Samuel quedó pasmado cuando la
vio aparecer en la cocina. Su largo y desenfadado pelo, el rubor en sus mejillas
le provocaba unas ganas enormes de besarla, hasta que sus ojos captaron ese
suéter… debió darle otro u otra cosa, le marcaba unos pechos redondos y
voluptuosos, se le marcaban sus pezones, emergió su erección en cuestiones de
segundos, se giró sobre sus pies muy perturbado, no podía pensar. Tomó una
bocanada de aire intentando despejar el mar electrizante que recorría su
cuerpo.
Danna percibió su cambio de
semblante, se preocupó temiendo una consecuencia al golpe y se acercó tomándole
del brazo, con la otra mano le rodeó la cintura para ayudarlo a sentarse. El
desconcierto de Samuel provocó que la mirara a los pechos mientras que ella lo
siguió con la mirada y abrió los ojos desorbitados-
- ¡Oh Dios mío! – con torpeza se
separó, estirando el suéter alejándolo de su cuerpo, y vio su prominente bulto. - ¡Oh Dios mío! –
El torrente sanguíneo se concentró en su cara. - Lo siento mucho, será mejor
que me marche. – Balbuceando y caminando nerviosa por la cocina. Torpe y desorientada
casi cae al suelo de un tras pie-.
- No te marches por favor. Es una
reacción instintiva, poco civilizado… eres una mujer muy hermosa. Te prometo
nunca irrespetarte y esto no volverá a ocurrir.

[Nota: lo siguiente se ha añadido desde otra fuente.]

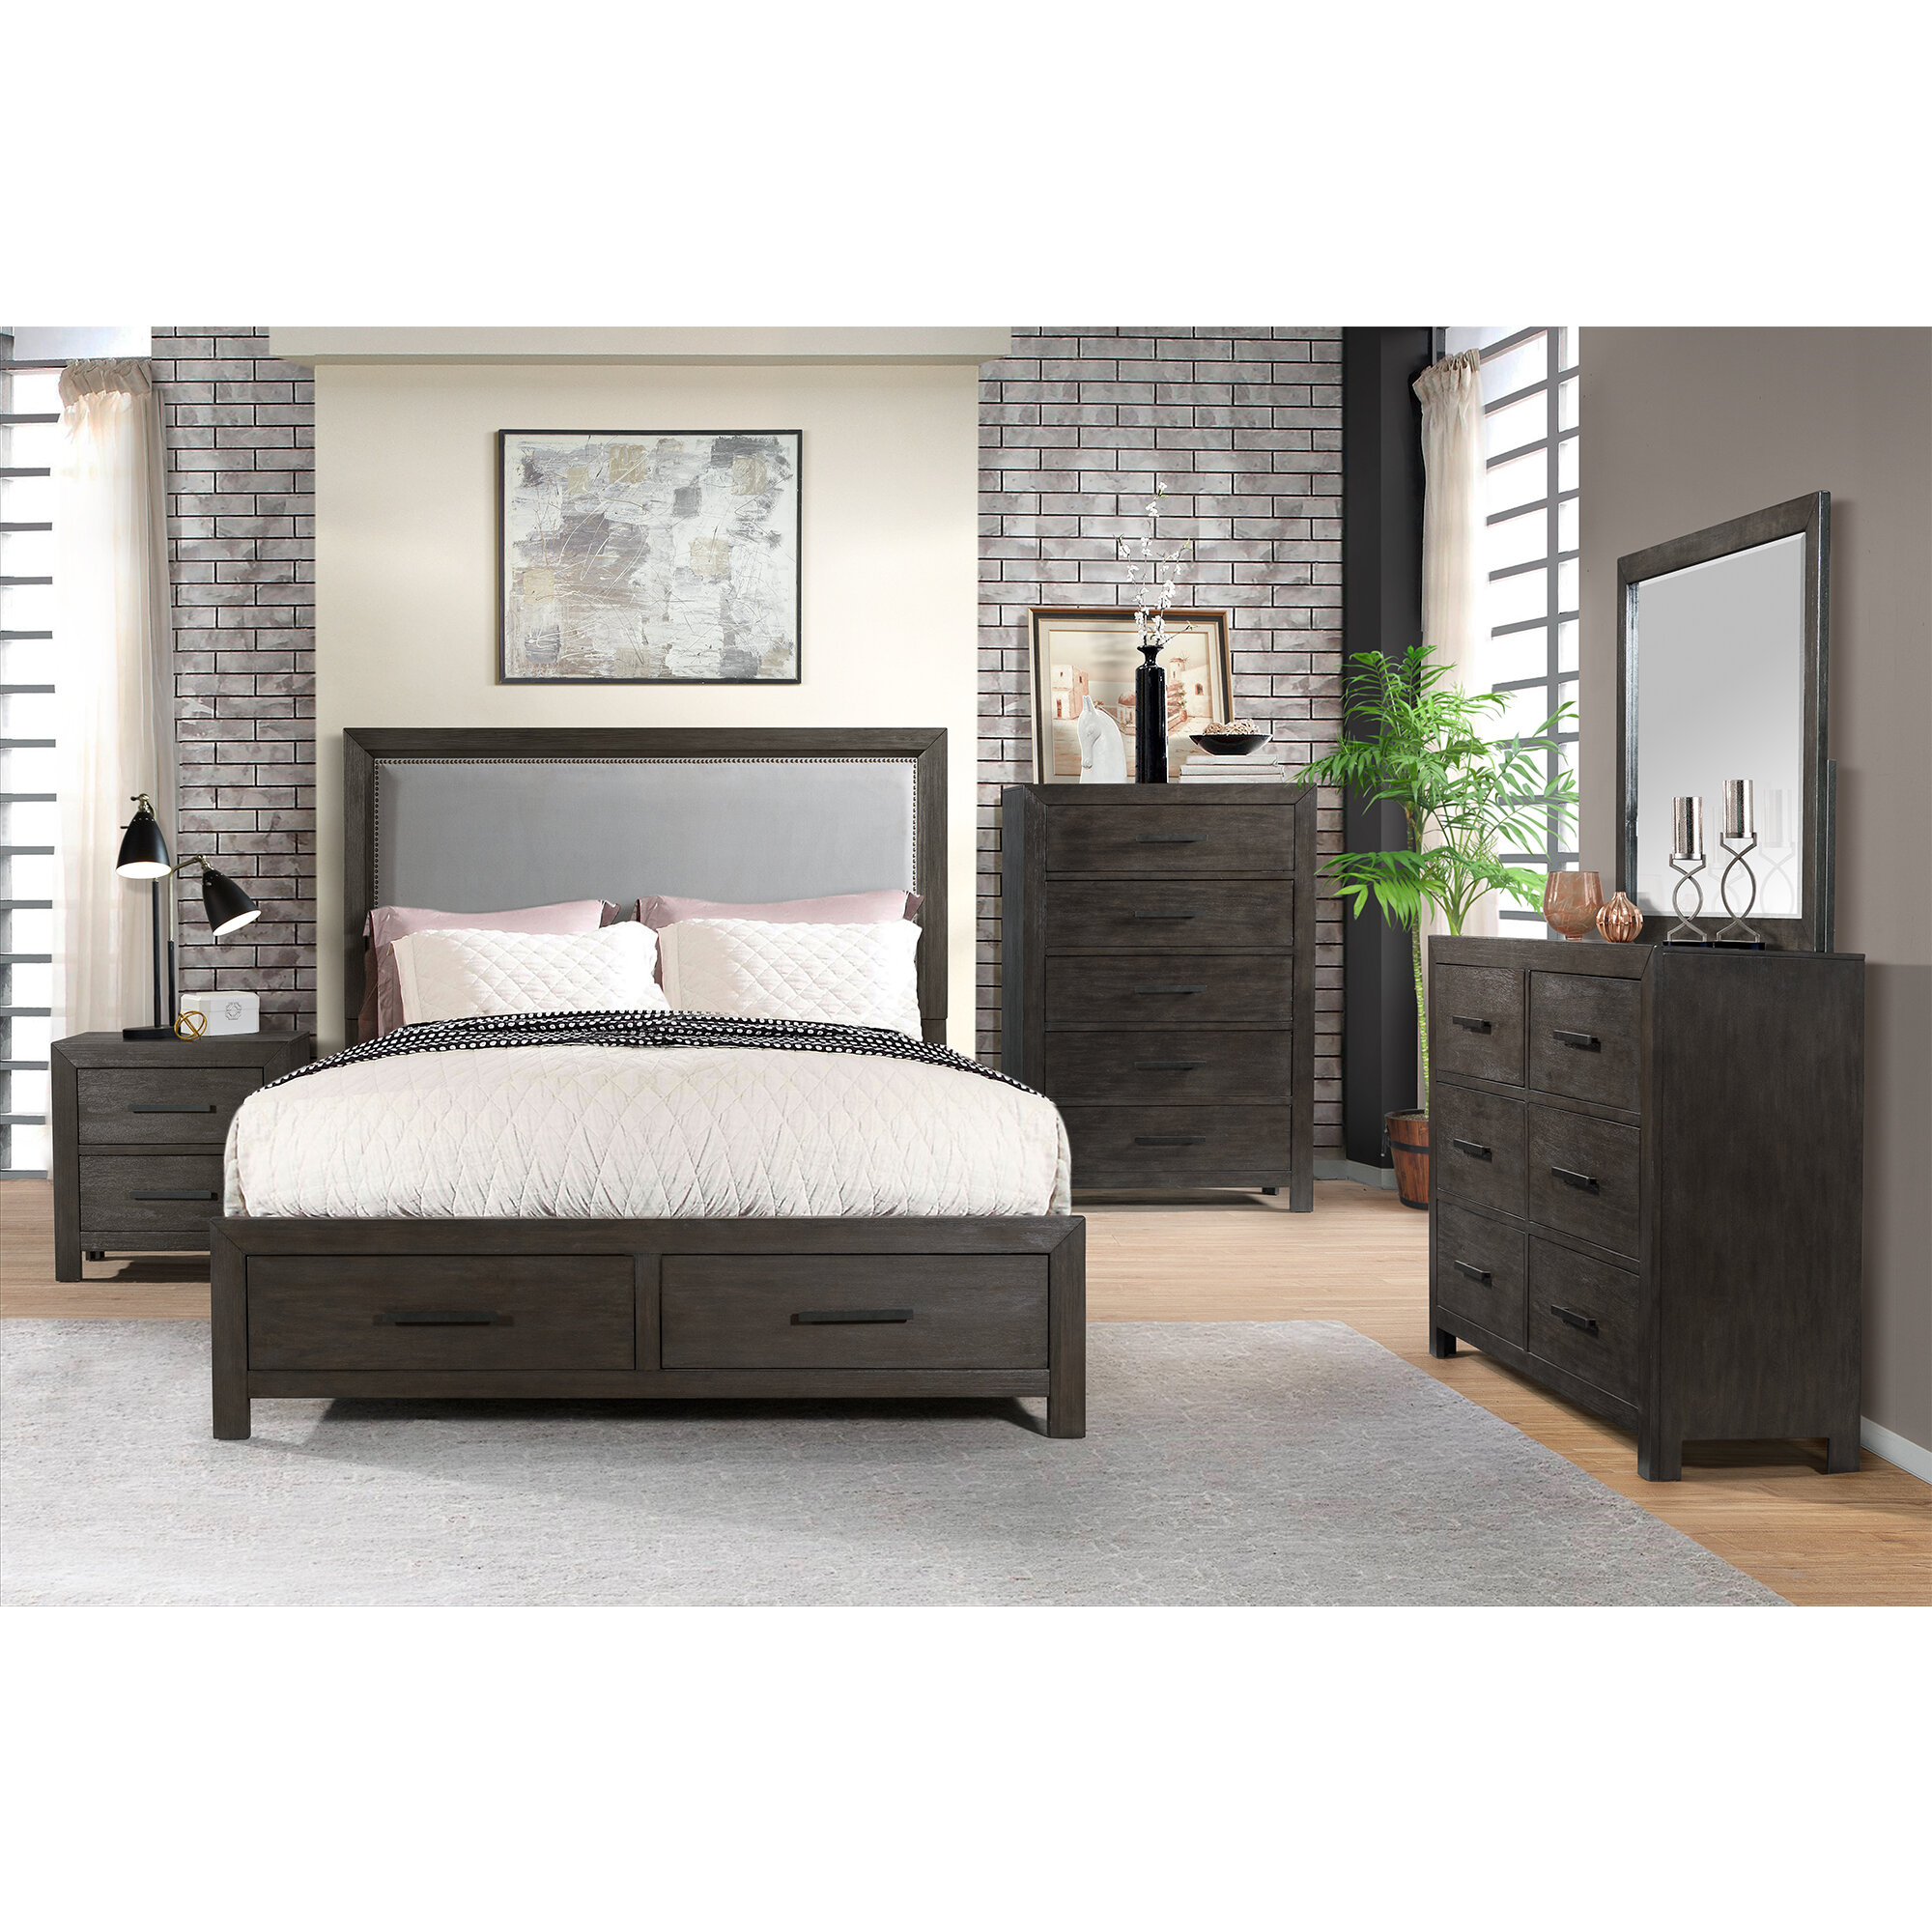 Gracie Oaks Mccorkle Platform 5 Piece Bedroom Set Reviews Wayfair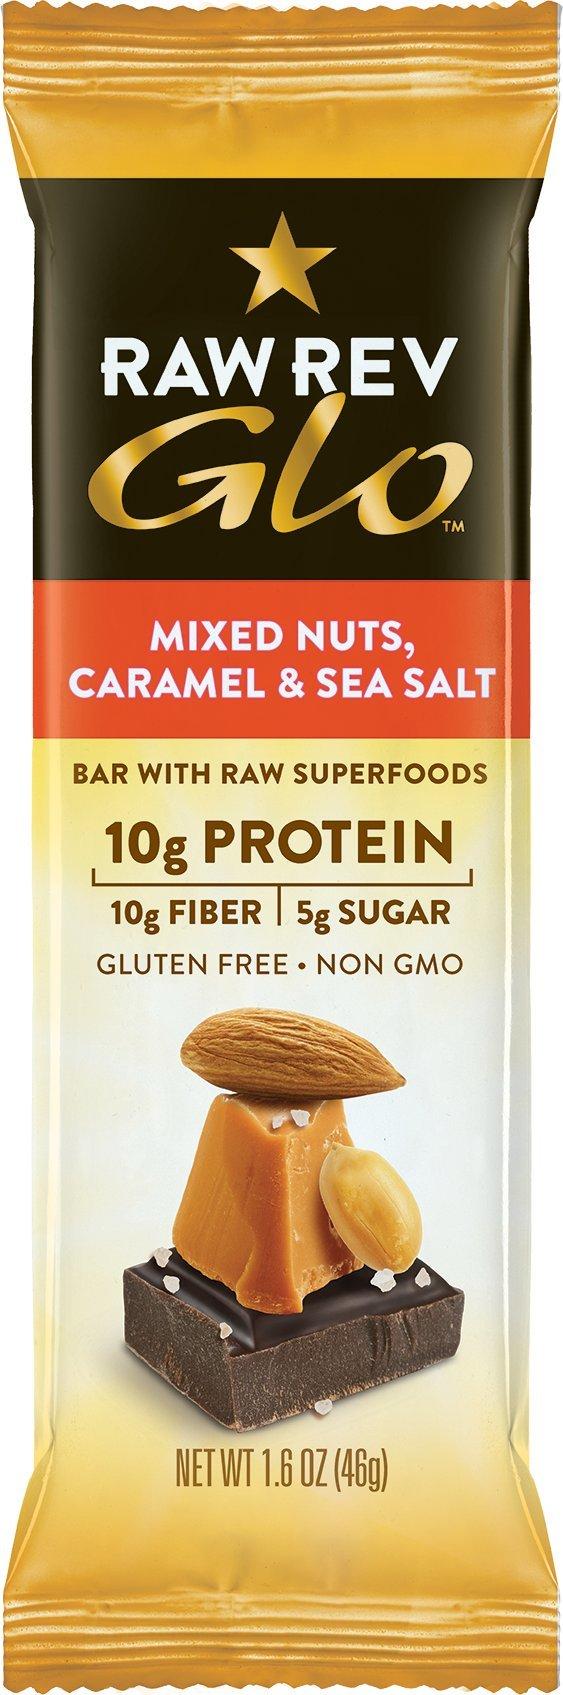 Raw Rev Glo Vegan, Gluten-Free Protein Bars - Mixed Nuts Caramel & Sea Salt 1.6 ounce (Pack of 24)

- Lo siento… lo siento mucho,
mejor me voy. – Danna no huía de él, sino de ella misma. ¿Cómo iba a estar
segura de que no volvería a pasar? Si ella no dejaba de sentir su piel como un
auténtico hervidero, su cercanía alteraba todo su sistema haciendo que su
cuerpo reaccionara de forma primitiva, mojando su ropa interior y endureciendo
sus pezones hasta doler-.
Samuel se regañaba a si mismo por
estropearlo todo a causa de su nulo autocontrol. Desde la adolescencia nunca
más había pasado semejante vergüenza. Lo peor, era que aquella mujer lo
excitaba hasta la locura. Eligió tomarse su tiempo para disfrutarla a plenitud. Lo que le
hacía sentir merecía el sacrificio de controlar la parte de su cuerpo que tenía
voluntad propia, era todo tan nuevo para él...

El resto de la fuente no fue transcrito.